Strategies for Improved pDNA Loading and Protection Using Cationic and Neutral LNPs with Industrial Scalability Potential Using Microfluidic Technology

Abstract

Purpose

In recent years, microfluidic technologies have become mainstream in producing gene therapy nanomedicines (NMeds) following the Covid-19 vaccine; however, extensive optimizations are needed for each NMed type and genetic material. This article strives to improve LNPs for pDNA loading, protection, and delivery, while minimizing toxicity.

Methods

The microfluidic technique was optimized to form cationic or neutral LNPs to load pDNA. Classical “post-formulation” DNA addition vs “pre” addition in the aqueous phase were compared. All formulations were characterized (size, homogeneity, zeta potential, morphology, weight yield, and stability), then tested for loading efficiency, nuclease protection, toxicity, and cell uptake.

Results

Optimized LNPs formulated with DPPC: Chol:DOTAP 1:1:0.1 molar ratio and 10 µg of DOPE-Rhod, had a size of 160 nm and good homogeneity. The chemico-physical characteristics of cationic LNPs worsened when adding 15 µg/mL of pDNA with the “post” method, while maintaining their characteristics up to 100 µg/mL of pDNA with the “pre” addition remaining stable for 30 days. Interestingly, neutral LNPs formulated with the same method loaded up to 50% of the DNA. Both particles could protect the DNA from nucleases even after one month of storage, and low cell toxicity was found up to 40 µg/mL LNPs. Cell uptake occurred within 2 hours for both formulations with the DNA intact in the cytoplasm, outside of the lysosomes.

Conclusion

In this study, the upcoming microfluidic technique was applied to two strategies to generate pDNA-LNPs. Cationic LNPs could load 10x the amount of DNA as the classical approach, while neutral LNPs, which also loaded and protected DNA, showed lower toxicity and good DNA protection.

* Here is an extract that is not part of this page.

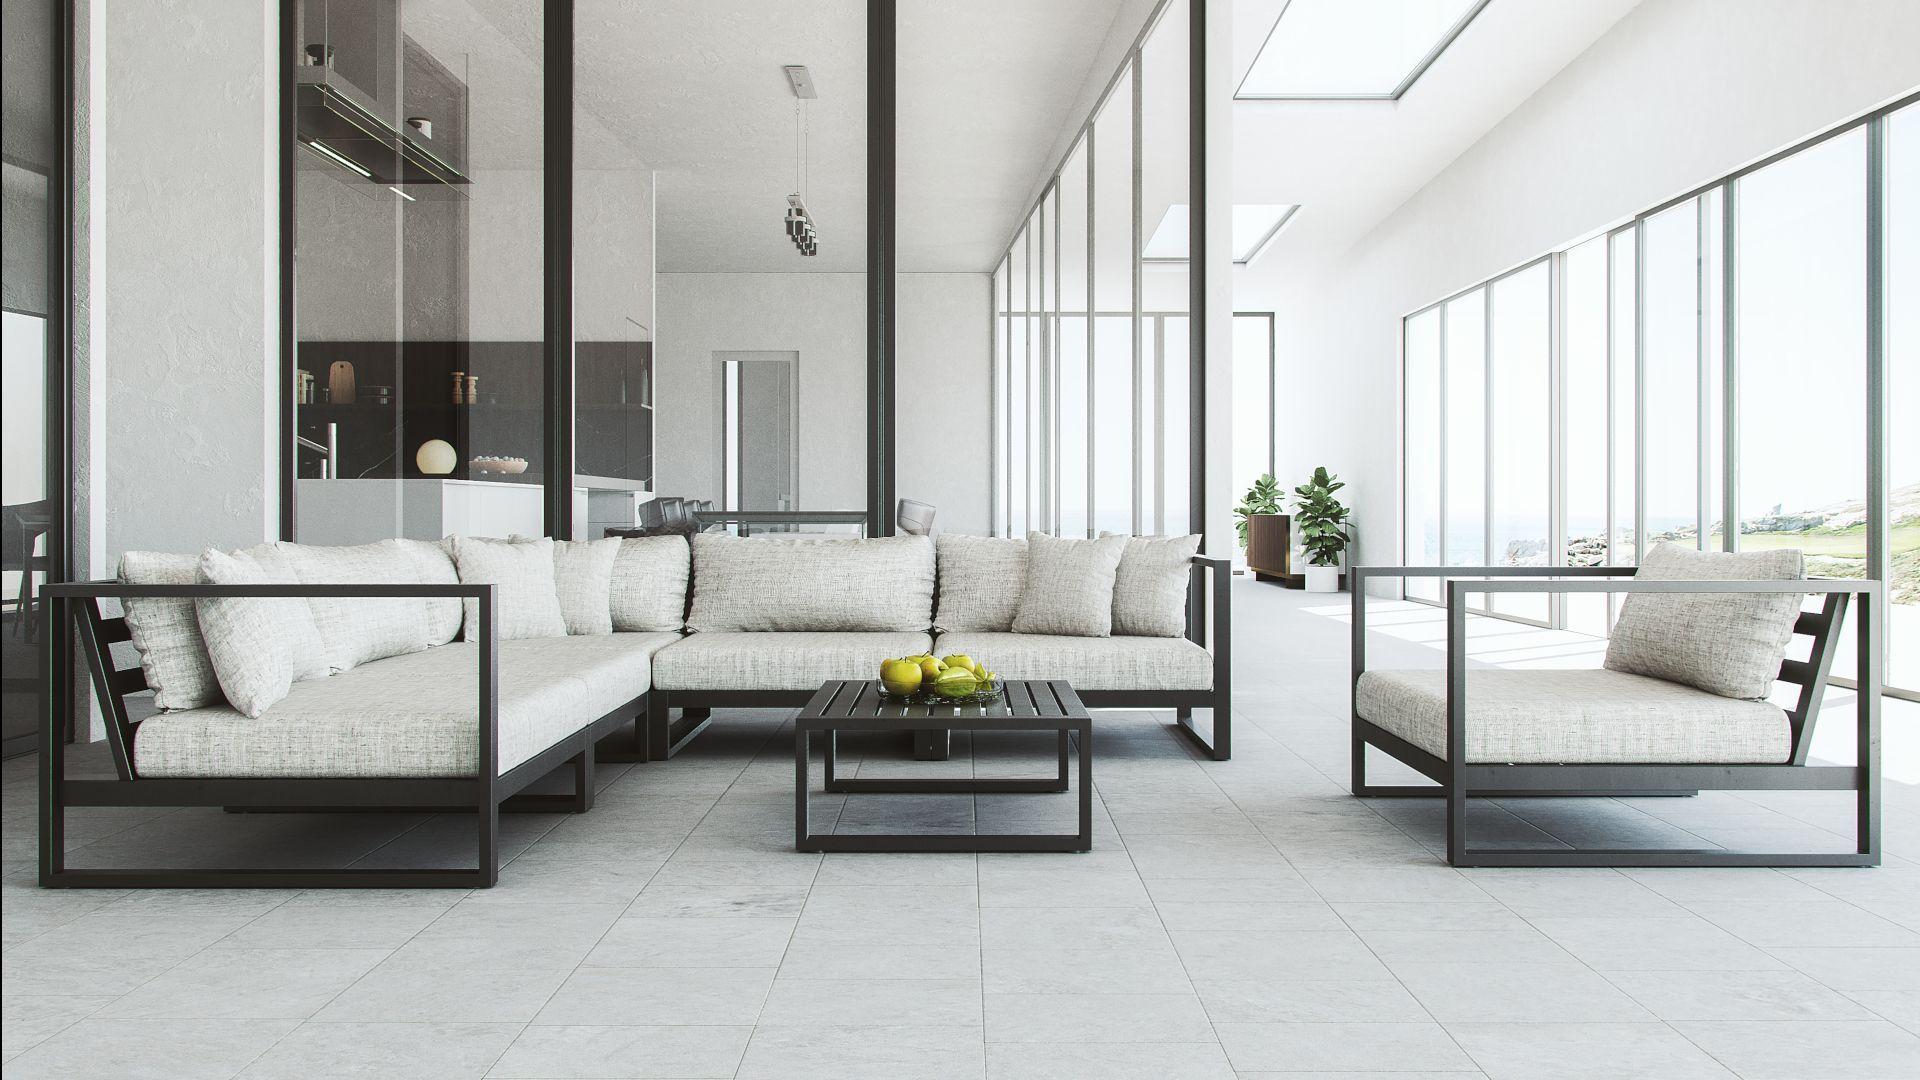 Garnitur Im Lounge Stil Artelia Gartenmobel In 2020 Lounge Mobel

This is a big step forward at minimizing doses and toxicity of LNP-based gene therapy.

Keywords:

• gene therapy
• lipid nanoparticles
• microfluidics
• lipoplexes
• DNA delivery

Disclosure

The authors report no conflicts of interest in this work.

Additional information

Funding

This research was funded by Fondazione Telethon grant number GGP19113, “Pigment Epithelium-derived Factor (PEDF) peptide as therapeutic agents for inherited retinal degeneration”; PIANO NAZIONALE DI RIPRESA E RESILIENZA (PNRR) – M4 C2 I1.4, Potenziamento strutture di ricerca e creazione di “campioni nazionali di R&S” su alcune Key Enabling Technologies, finanziato dall’Unione europea – NextGenerationEU - CN00000041 National Center for Gene Therapy and Drugs based on RNA Technology, ‘CN3’ - Spoke 1; PNRR M4 C2-I1.3 Project PE_00000019 “HEAL ITALIA” CUP E93C22001860006 of University of Modena and Reggio Emilia. The views and opinions expressed are those of the authors only and do not necessarily reflect those of the European Union or the European Commission. Neither the European Union nor the European Commission can be held responsible for them.